LG Köln – Thomas Drach: Vor dem Landgericht Köln beginnt an diesem Dienstag der Prozess gegen den einstigen Reemtsma-Entführer Thomas Drach, der nun angeklagt ist, weil er 2018 und 2019 vier Geldtransporte überfallen haben soll. Er ist u.a wegen versuchten Mordes, schweren Raubs, gefährlicher Körperverletzung und Verstößen gegen das Kriegswaffenkontrollgesetz angeklagt. Er soll dreimal mit einem Sturmgewehr AK-47 bewaffnet gewesen sein, einmal mit einem Revolver. Es sind 53 Verhandlungstage angesetzt. Es berichten die SZ (Peter Burghardt) und spiegel.de (Julia Jüttner).
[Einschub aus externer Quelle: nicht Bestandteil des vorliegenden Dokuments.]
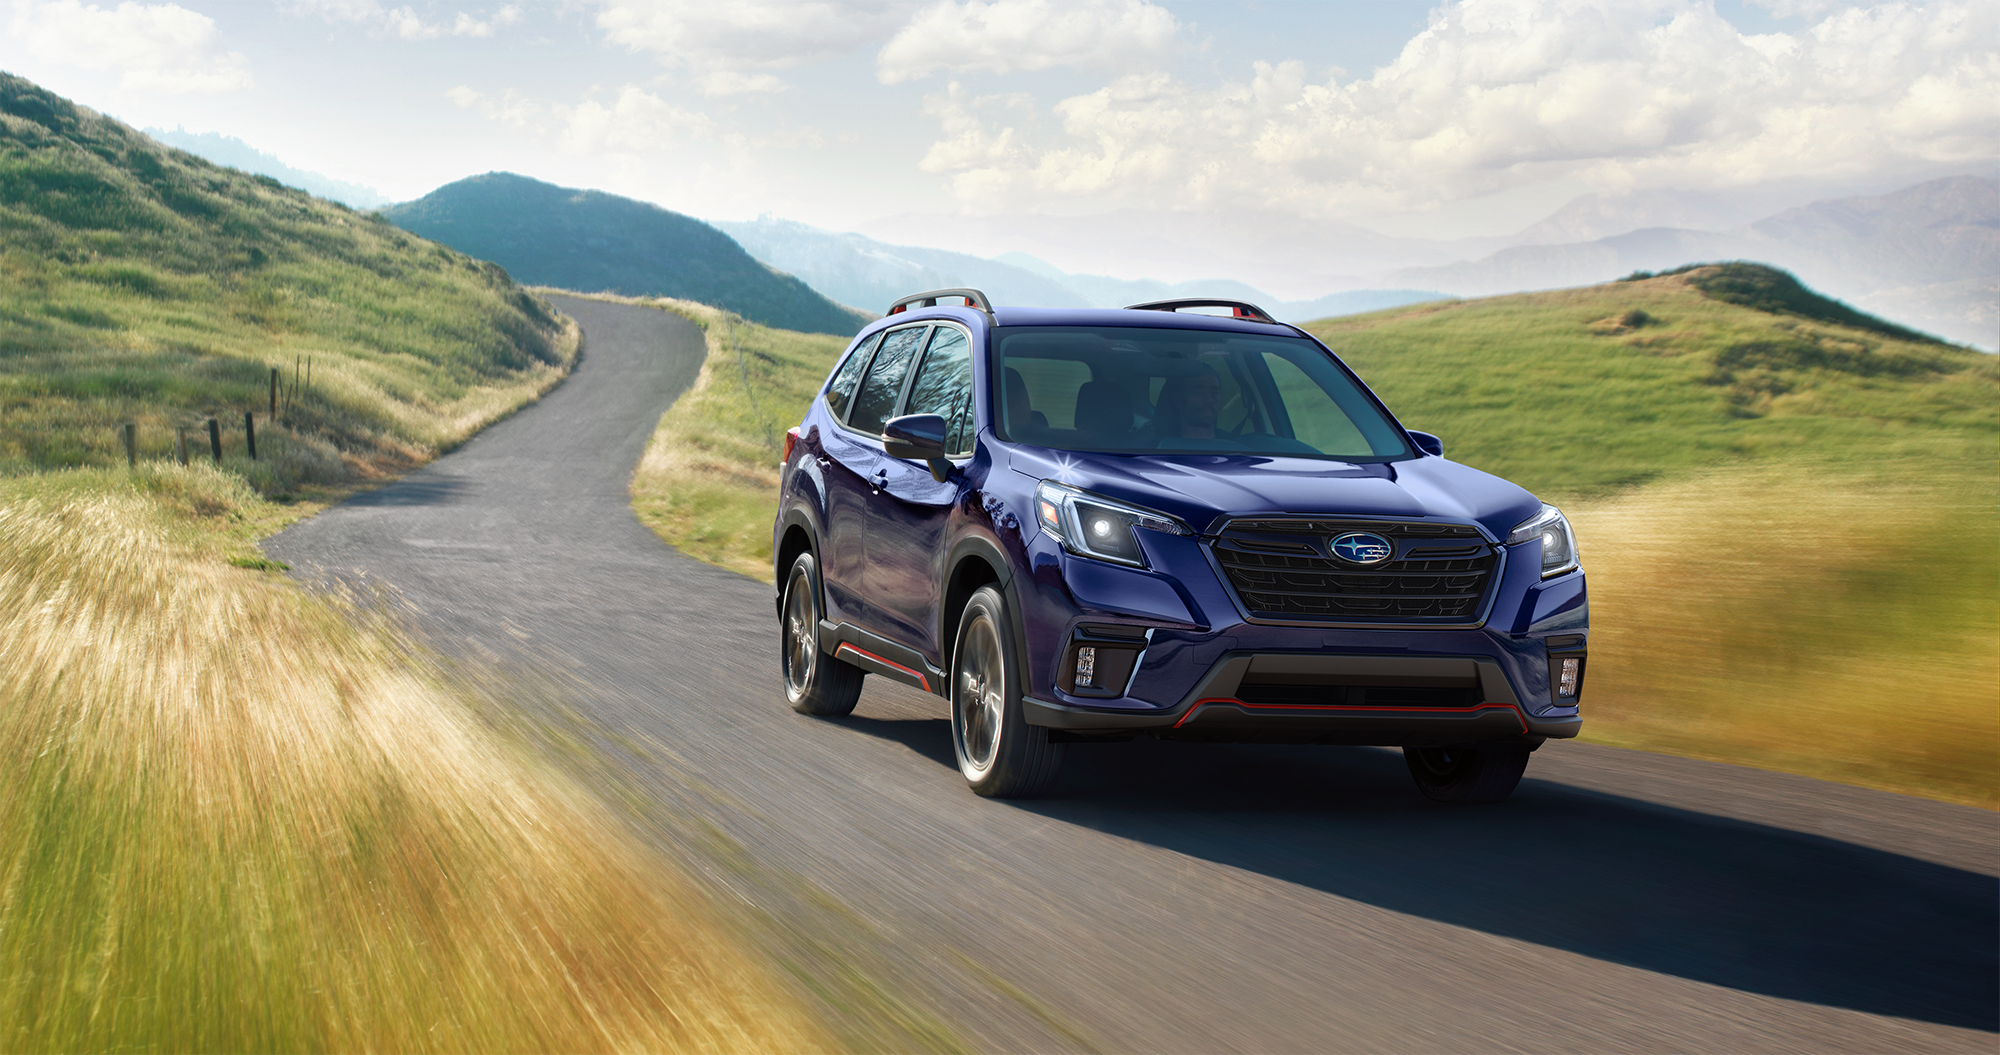 Facelifted 2022 Subaru Forester Illustrated Without The Camo

Wegen der Reemtsma-Entführung war Drach schon vor 21 Jahren verurteilt worden.
LG Stuttgart zu Greenwashing/Commerzbank: Das Landgericht Stuttgart hat frühere Werbeaussagen der Fondsgesellschaft Commerz Real für ihren Impact-Fonds klimaVest kassiert. Die Gesellschaft der Commerzbank-Gruppe darf nun unter anderem nicht mehr im Internet für das Investment mit positiver ökologischer Wirkung in einer ganz bestimmten Höhe werben. Die Werbung hatte das Unternehmen bereits geändert. Es berichtet die FAZ (Oliver Schmale).
GenStA Düsseldorf – islamistische Anschlagsvorbereitung: Die Generalstaatsanwaltschaft Düsseldorf hat einen 17-Jährigen aus dem Raum Köln in einem Zug in Hannover festgenommen, dem die Vorbereitung eines islamistischen Anschlags vorgeworfen wird. Wegen Sprengstoffverdachts wurde der Zug durchsucht, wobei jedoch kein Sprengstoff gefunden wurde. Es berichten die SZ und spiegel.de.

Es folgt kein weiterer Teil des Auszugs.